Include when relevant:

- Specific `CPX_*` threshold adjustments (cite `rule_id`, `metric`, current `threshold` vs actual `score`).
- **`path_overrides`** when scores clearly differ by folder (staging vs marts).
- Next commands:

  ```bash
  sqlfluff-complexity config preset <preset> --dialect <dialect>
  sqlfluff-complexity config-check --dialect <dialect> --config .sqlfluff
  ```

- Rollout order: report-only baseline → individual high-signal rules → `CPX_C201` after aggregate score is calibrated.

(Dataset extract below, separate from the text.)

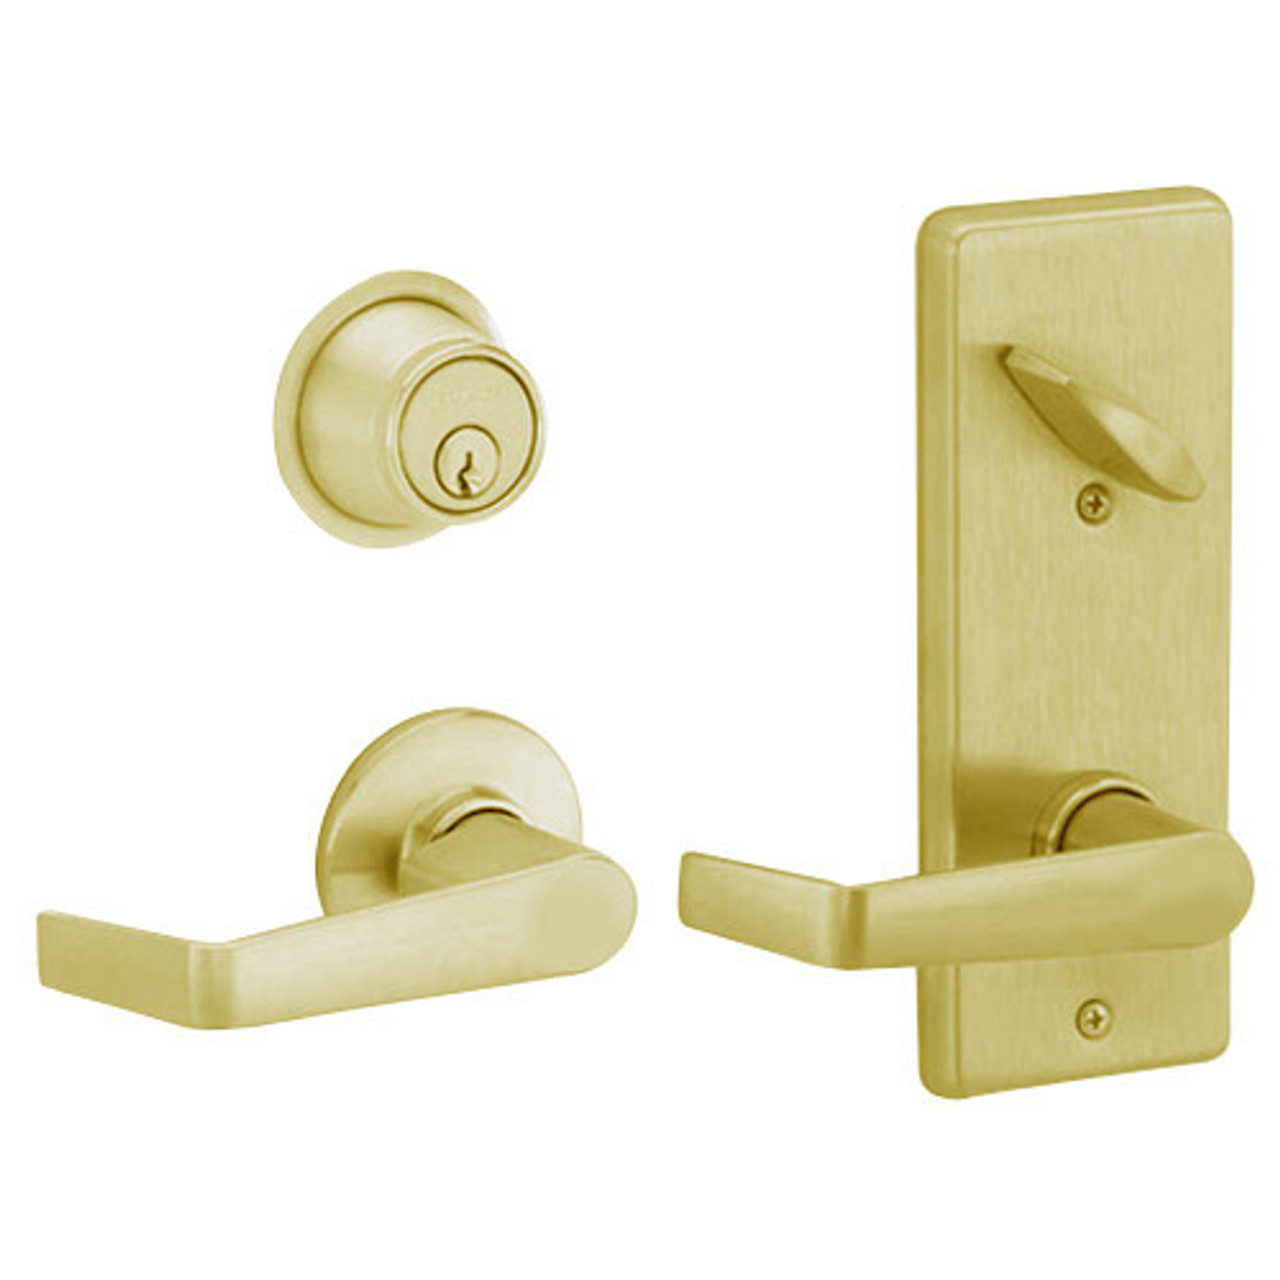 S210PD-SAT-606 Schlage S210PD Saturn Style Interconnected Lock in Satin Brass

### Sample threshold tuning output

```markdown
## Threshold tuning

- Suggested preset: **lenient** (many CPX_C102 findings across hotspots)
- **CPX_C102:** consider raising `max_joins` from 2 → 4 where join fan-in drives scores
- **path_overrides:** stricter budget for `models/marts/**` if marts scores exceed staging
- Generate config: `sqlfluff-complexity config preset lenient --dialect <dialect>`
- Validate: `sqlfluff-complexity config-check --dialect <dialect> --config .sqlfluff`
```

## Guardrails

- Do not invent hidden preset behavior; presets are plain generated SQLFluff config.
- Do not read dbt artifacts directly. Use SQLFluff parsing and `sqlfluff-complexity report` only.
- Do not commit or version the `--output` JSON in git.
- Keep tuning suggestions conservative unless the user asks for strict enforcement.
- For full adoption workflow (nested `.sqlfluff`, `config-check`, CI), use **`configure-sqlfluff-complexity`**.

## Relationship to `configure-sqlfluff-complexity`

| Skill                           | Focus                                                          |
| ------------------------------- | -------------------------------------------------------------- |
| `configure-sqlfluff-complexity` | First-time setup, presets, nested config, validation, rollout  |
| `analyze-complexity-report`     | Cached JSON analysis, hotspots, tuning from an existing report |

After `configure-sqlfluff-complexity` has produced an initial report, use this skill for repeat analysis without re-scanning when the JSON is still fresh.